Grounding Challenge Day :1

Updated: Nov 5



I have created a fabulous ten day grounding challenge that I will be putting on my website for everyone access, but before it is available, I am doing the challenge first and sharing my insights with you here…….



Today was day one of my grounding challenge. It didn't go as perfectly as I had planned but that’s life as a mom of two. Sometimes you gotta roll with the punches.


In preparation for the challenge I wrote down my schedule to include all of the six pillars of health. For the last few weeks I have been playing around with these components in my schedule, but this challenge is the first time that I am being disciplined and consistent with all of them. One of the hardest things for me, is to create a consistent wake up time. Part of this challenge is to go to bed and wake up at the same time each day, including on the weekends!!! Yikes. …


Overall, I didn't do too bad today. This morning I woke up at 5am to my alarm. I wanted so badly to stay in my warm cozy bed and snuggle my baby, but instead I shot out of bed before I could let my mind fill with all the reasons and justifications on why I could sleep in.


After waking up, my intention was to sit in my car and do a meditation while I let my car warm up but that didn't happen because baby woke up and I had to rush in and nurse her before zooming off to make it to work out.


Working out at 5:30 am is actually easier than 5pm, which was the pilates class I was attending. One benefit to working out so early in the morning, is that your digestive track is empty, so you feel lighter and more energetic during your workout than you do later in the day. According to Dr. Suhas Kshirsagar, Ayurvedic doctor and author, working out on an empty stomach first thing in the morning increases your metabolism, burns more fat, and improves your sleep by balancing your body’s circadian rhythm.


When I got home at 6:30am after my workout my husband had an egg sandwich ready for me for breakfast. It was very sweet but a part of me wanted to throw the plate at his face and yell “I said over easy”... ( This is one of my favorite movie quotes. If you know what it is from , mention it in the comments below, otherwise keep reading). I was planning on eating a high vibe breakfast of oatmeal at 7 but instead I enjoyed my egg sandwich and made note of how I would prepare my rice cooker tomorrow morning with oatmeal.
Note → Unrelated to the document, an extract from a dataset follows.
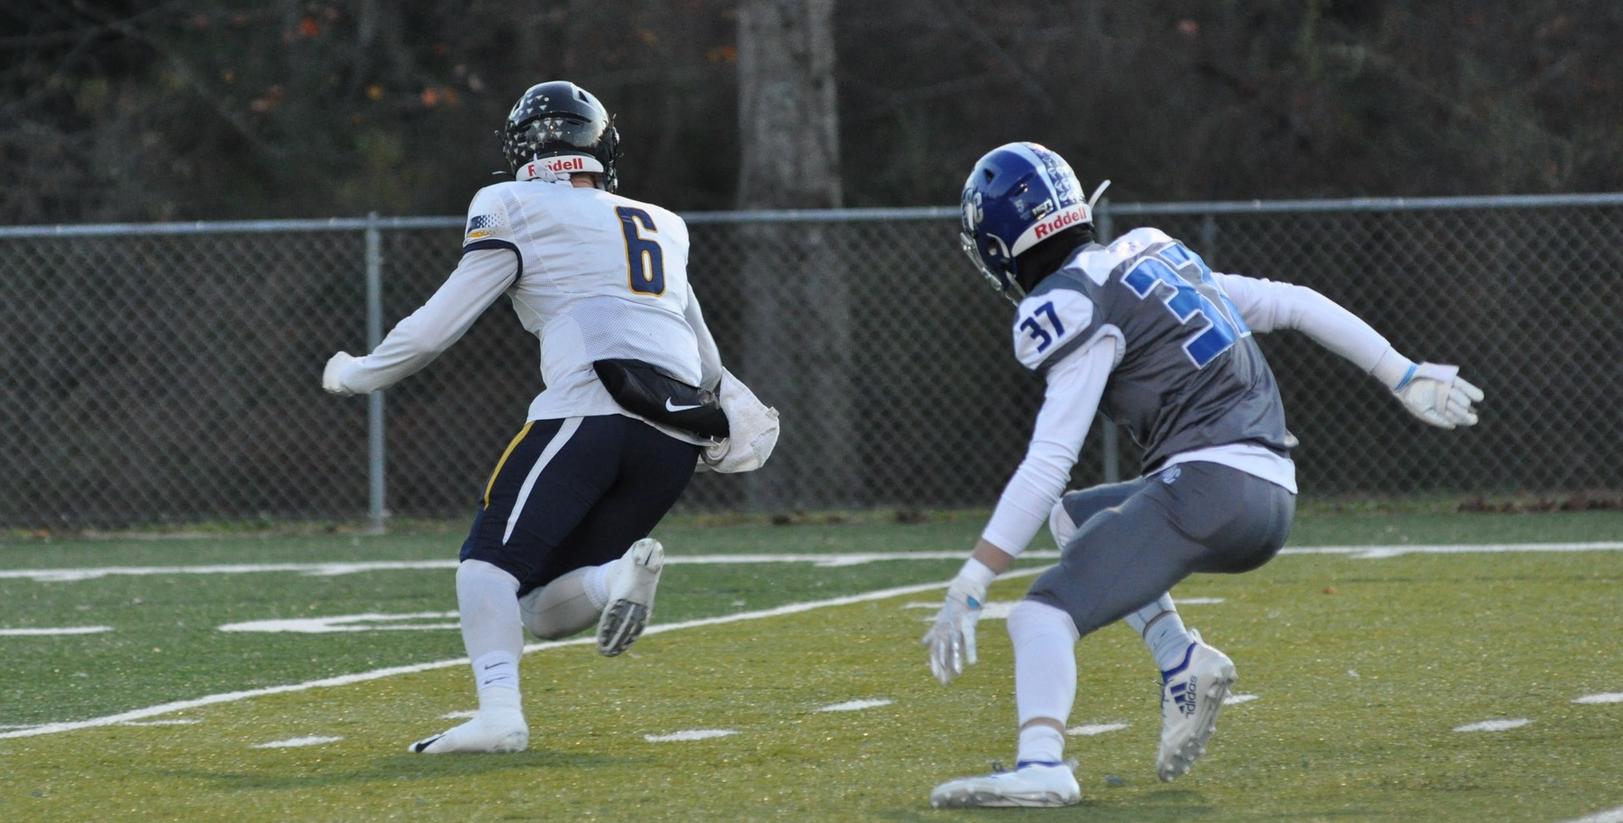 Brevard College junior defensive back Wesley Ross chases down Averett quarterback Jacob Wright. Ross sealed BC's hard-fought 10-9 victory with a last-second interception on Averett's final drive (Courtesy of Tommy Moss).

After dropping my daughter off at preschool I got back to the house at 8:30 and found myself hungry. Part of the challenge is not to eat anything between meals, no snacking. Contrary to popular belief, snacking does not allow your digestive system to have a rest and actually weakens your metabolism and decreases your digestive enzymes. There are a few exceptions with people who have certain health needs but the majority of people would benefit by not snacking between meals.
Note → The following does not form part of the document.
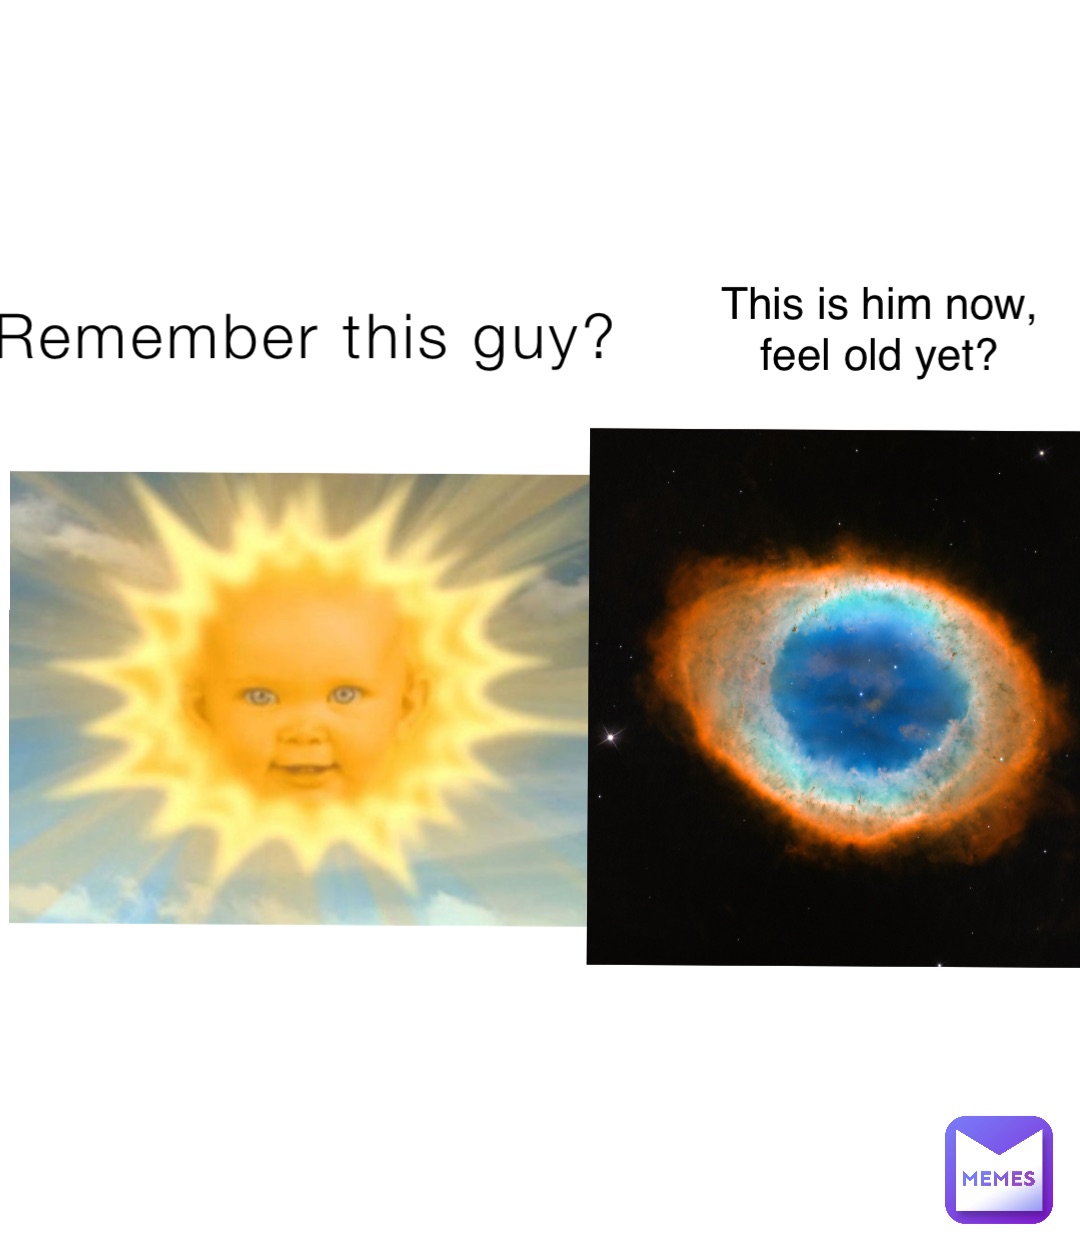 Remember this guy? This is him now, feel old yet?

When I felt this hungry, I asked myself “am I really hungry?”. Instead I made a cup of warm ginger tea with honey and it instantly took my fake hunger away. For me, fake hunger usually shows up in times of stress and earlier that morning my daughter threw a huge tantrum that left me feeling frazzled long after I dropped her off at school. I felt fortunate that I was able to tune in to my needs and realize that I was feeling stressed and not hungry.


Around 10:30 baby was grumpy and I figured she needed a nap, which is when I decided to take a walk on our street. In my mind, I wanted this walk to be peaceful, in tune with nature, and my heart open to gratitude. Instead there were moments of peace interrupted by Pterodactyl screaming from baby. I was able to say around twenty things I was grateful for, but it wasn't the latty- da experience I was hoping for, but again that’s motherhood.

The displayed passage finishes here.